Pancetta, guanciale and bacon are three commonly used ingredients in Italian cuisine and also are gaining a foothold in American cuisine as well. When used correctly, they add a rich variety of flavor to many dishes and are magic when you find the highest quality. Because of their similar qualities, they are often confused with one another and used interchangeably which isn’t necessarily a good thing, but never fear. I’m going to go over some of the basic differences that exist between these delicious, cured meats as well as give you a couple of authentic Italian dishes to use them in.
Sometimes called “Italian bacon”, pancetta is a pork belly side, salted and cured with pepper, spices and rolled into a casing. It is then potentially dried/cured for several months. It is not smoked like bacon. It’s also NOT what is used in the classic Italian recipes of Spaghetti Carbonara and Pasta alla Gricia. Carbonara consists of quite simply guanciale, pepper, pecorino romano cheese, olive oil, salt with a bit of the starchy water and eggs. Pancetta is a classic ingredient that can be found in Bolognese Ragu.
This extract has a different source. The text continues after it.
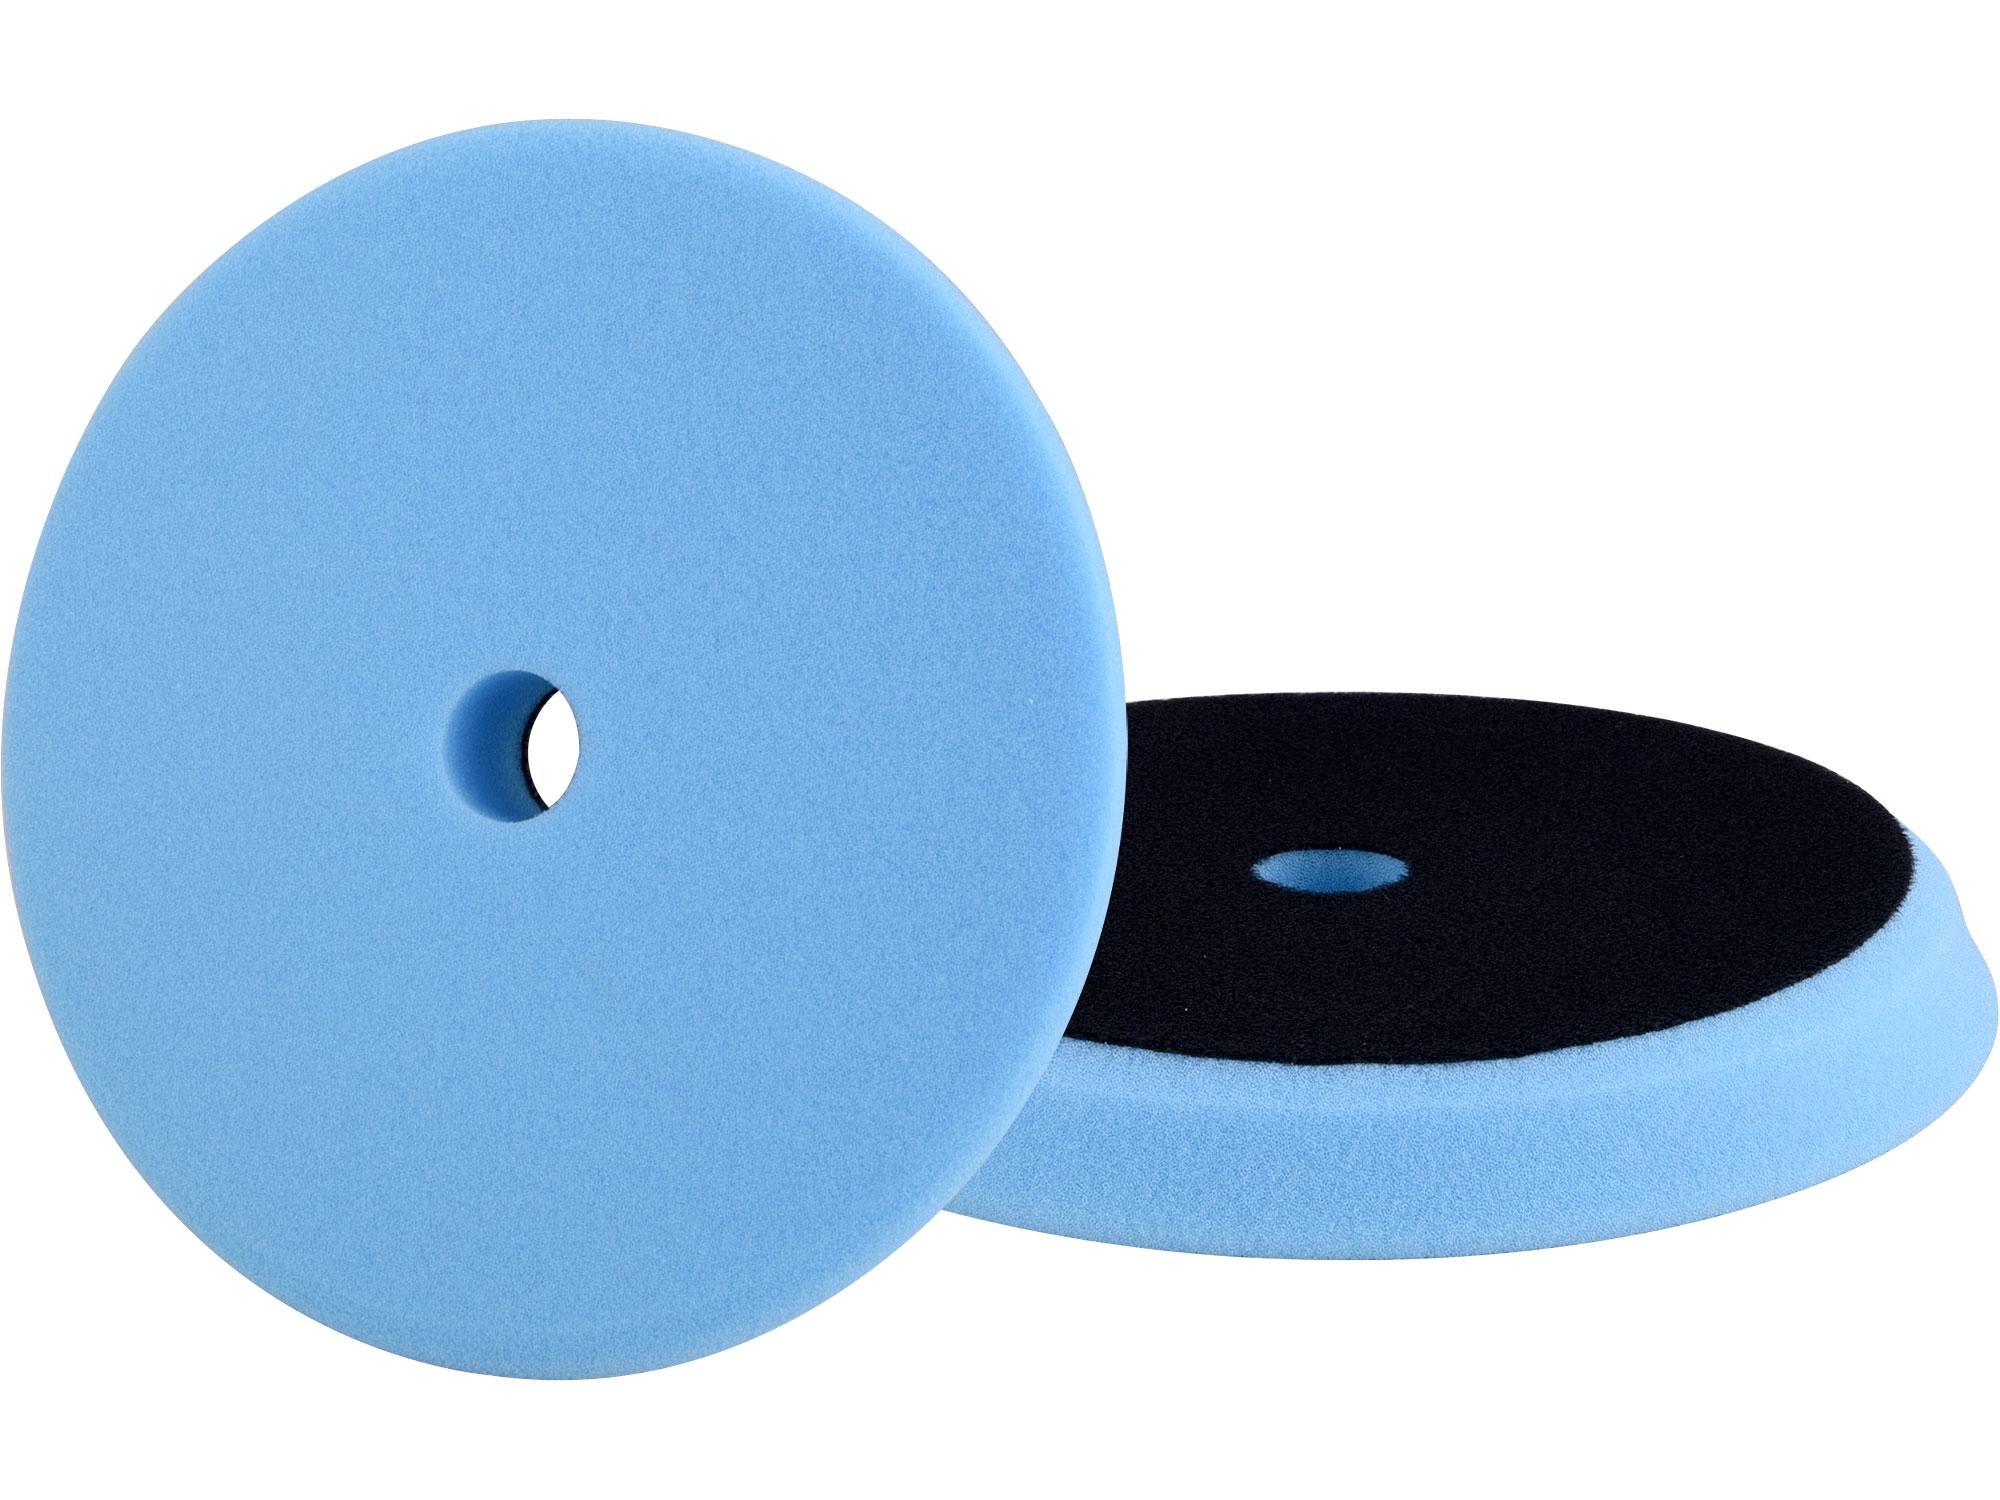 kotouč leštící pěnový, orbitální, T60, modrý, O180x25mm, suchý zip O152mm

Guanciale is the pig jowls or cheeks which are triangular in shape and have been rubbed in salt, pepper, sometimes garlic and other spices and allowed to dry for at least three months. It has a shorter shelf life once cut into and should be used within a month of opening it. It should also be trimmed of any the hardened meat on the outside. It is very rich and flavorful and what is used to make Carbonara and Gricia.
A staple in American cuisine, it can be found on burgers, in sauces, soups, served with eggs and even found in martinis and desserts. (As a side note, my personal feeling is that many times bacon is used in excess and dominates other proteins it is placed with and does not allow the authentic flavor to shine through. This happens a lot with scallops or filet mignon.) Bacon is the sides and belly of pigs which can then be smoked or naturally cured. It is found in a range of different styles and flavors and is delicious!
I hope that this clears up some of the confusion with these three ingredients and when to use each one appropriately.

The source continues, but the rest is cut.